[[ Input data open ]]
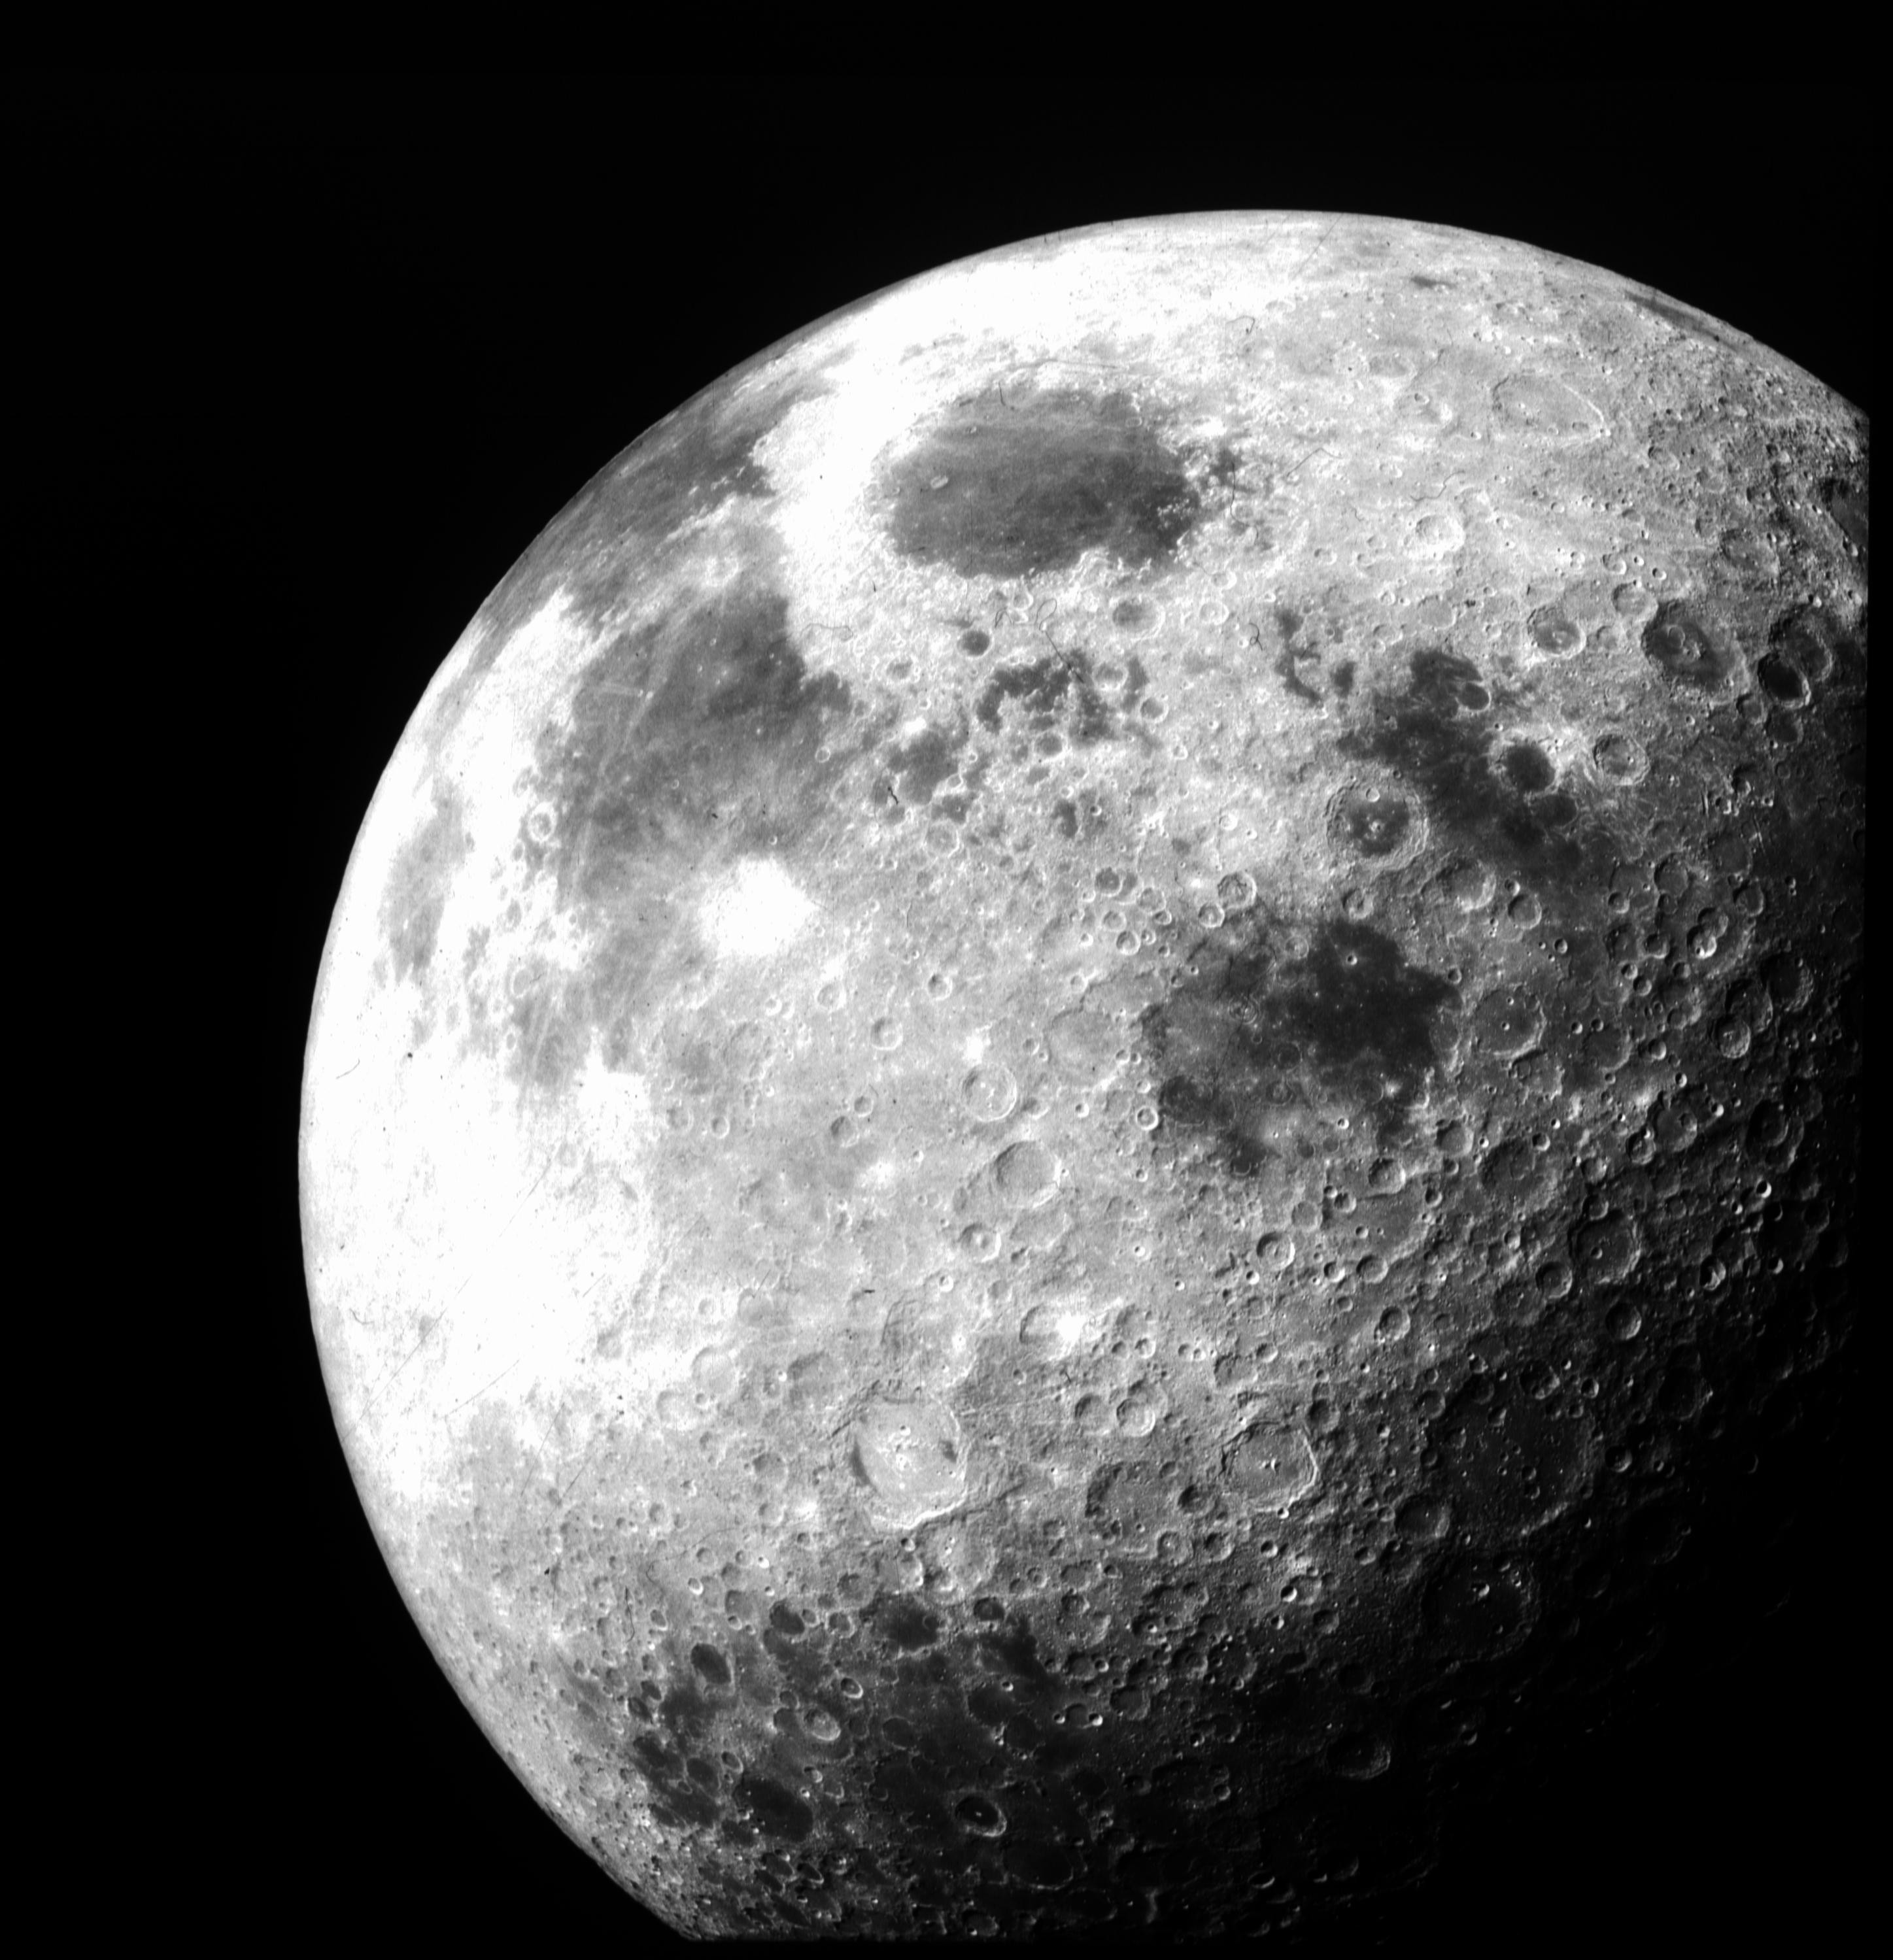 moon observation nasa - photo #19
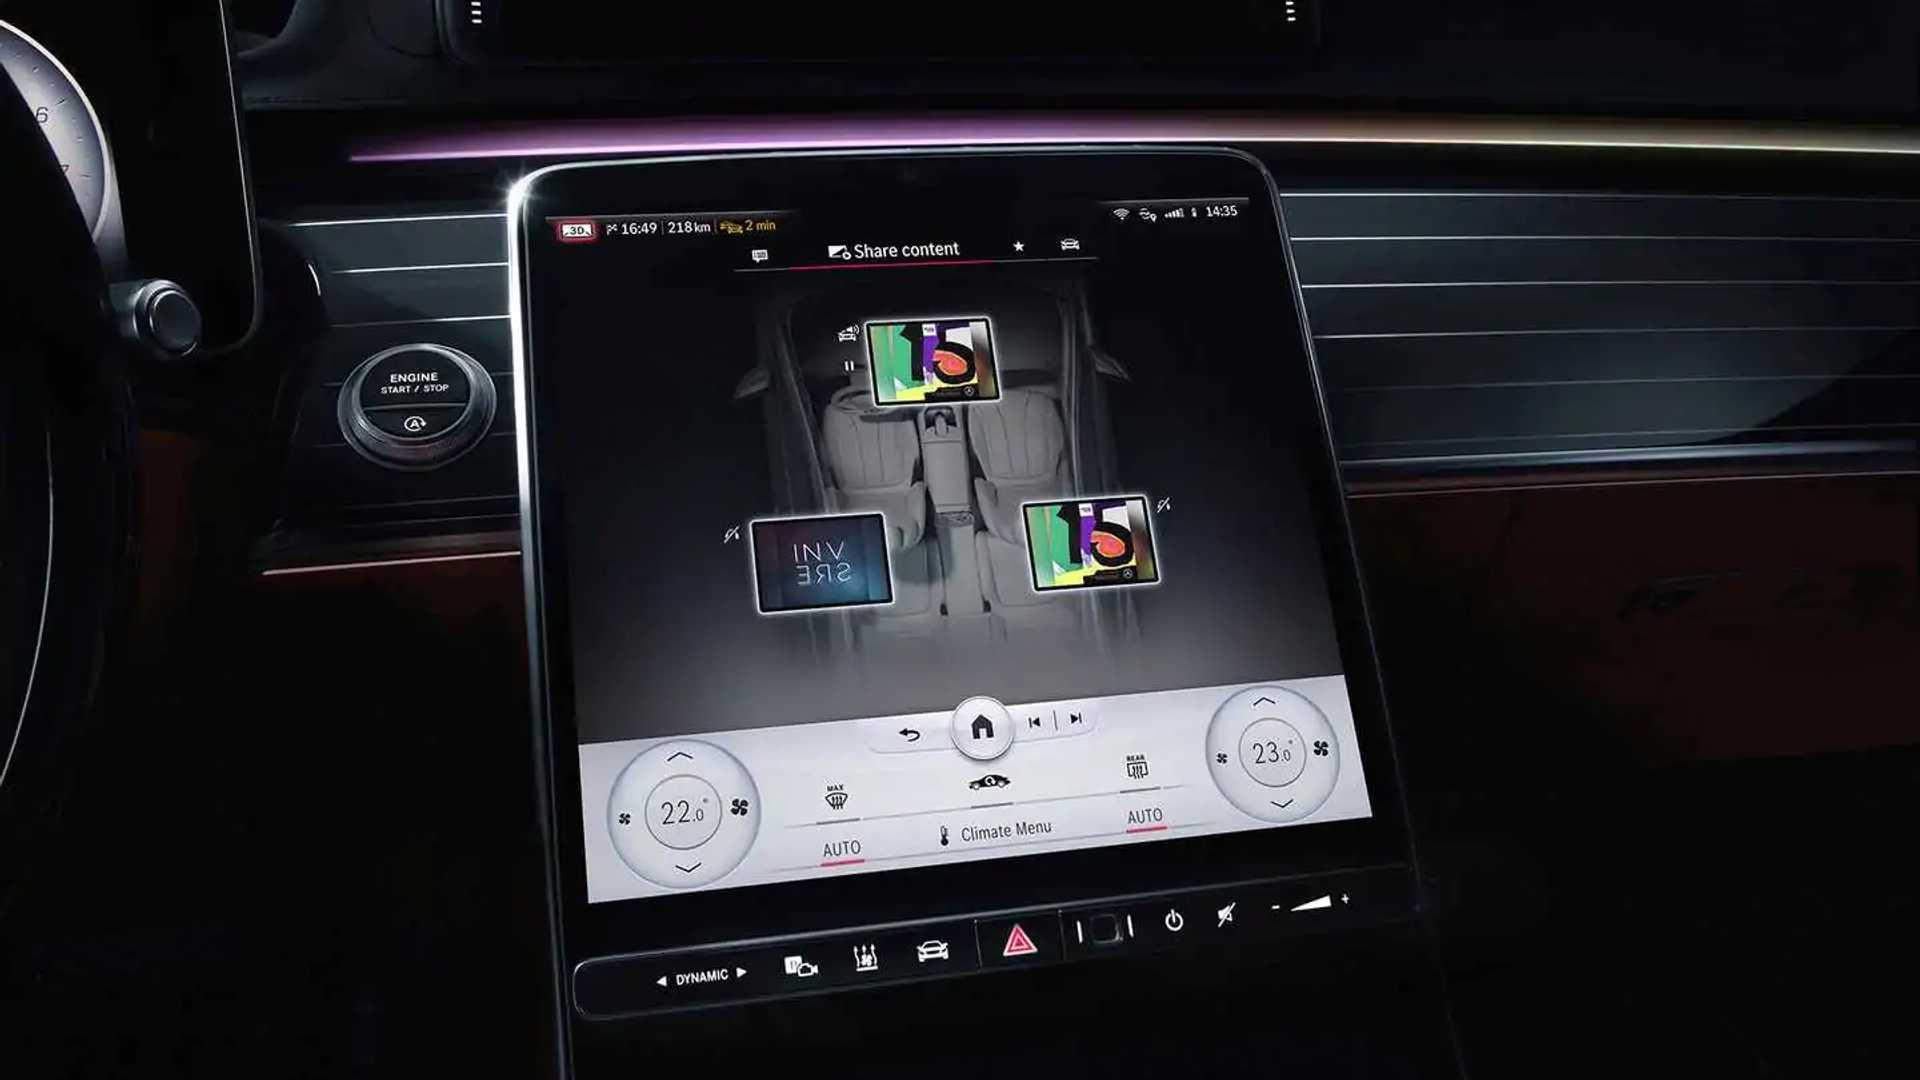 Mercedes-Benz S-Class (2020) My MBUX
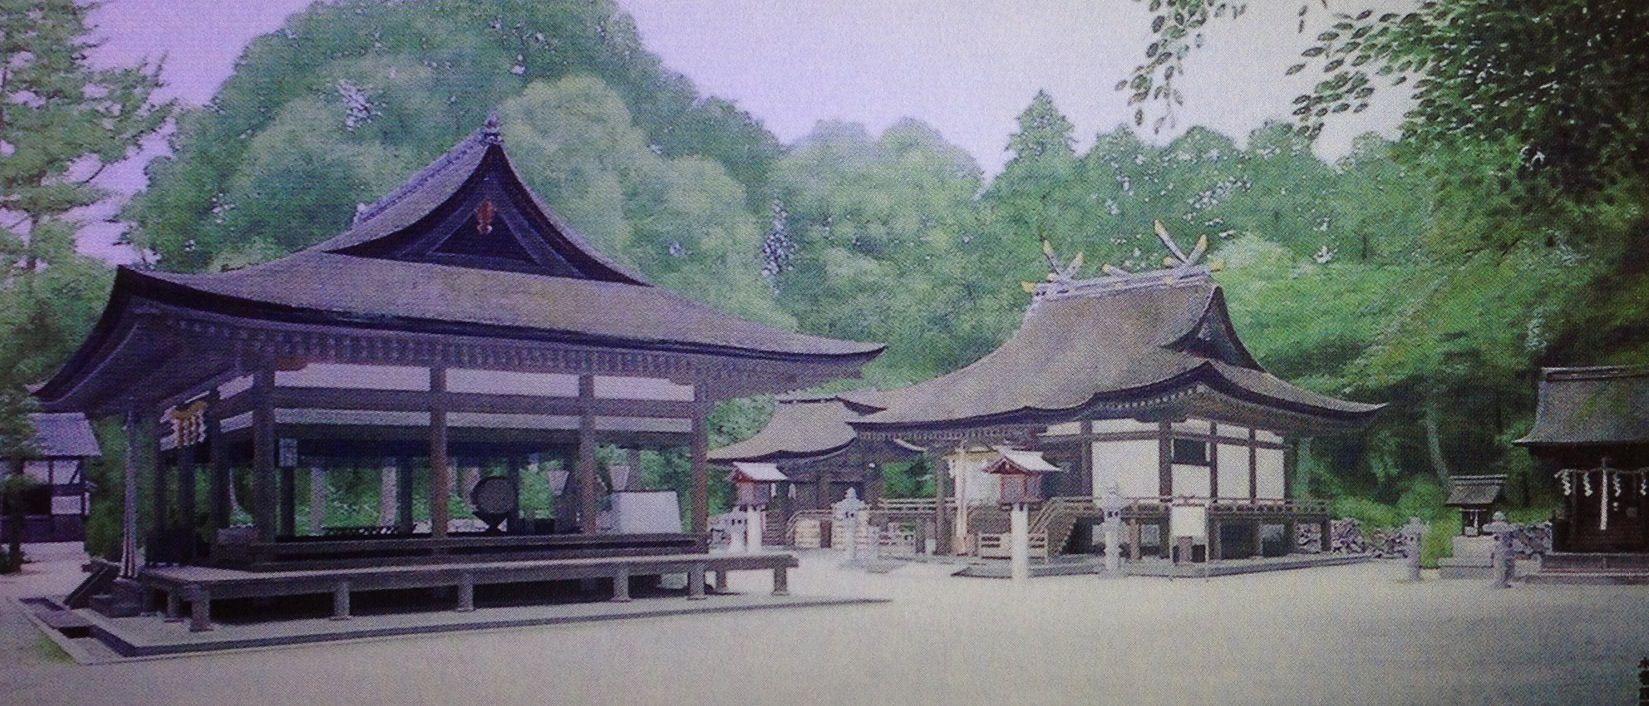 Suiun Yamada art
[[ Input data closed ]]
= Assignment =
Retype all of the material above exactly; the pictures stay out.

= Solution for this exercise =
 moon observation nasa - photo #19
 Mercedes-Benz S-Class (2020) My MBUX
 Suiun Yamada art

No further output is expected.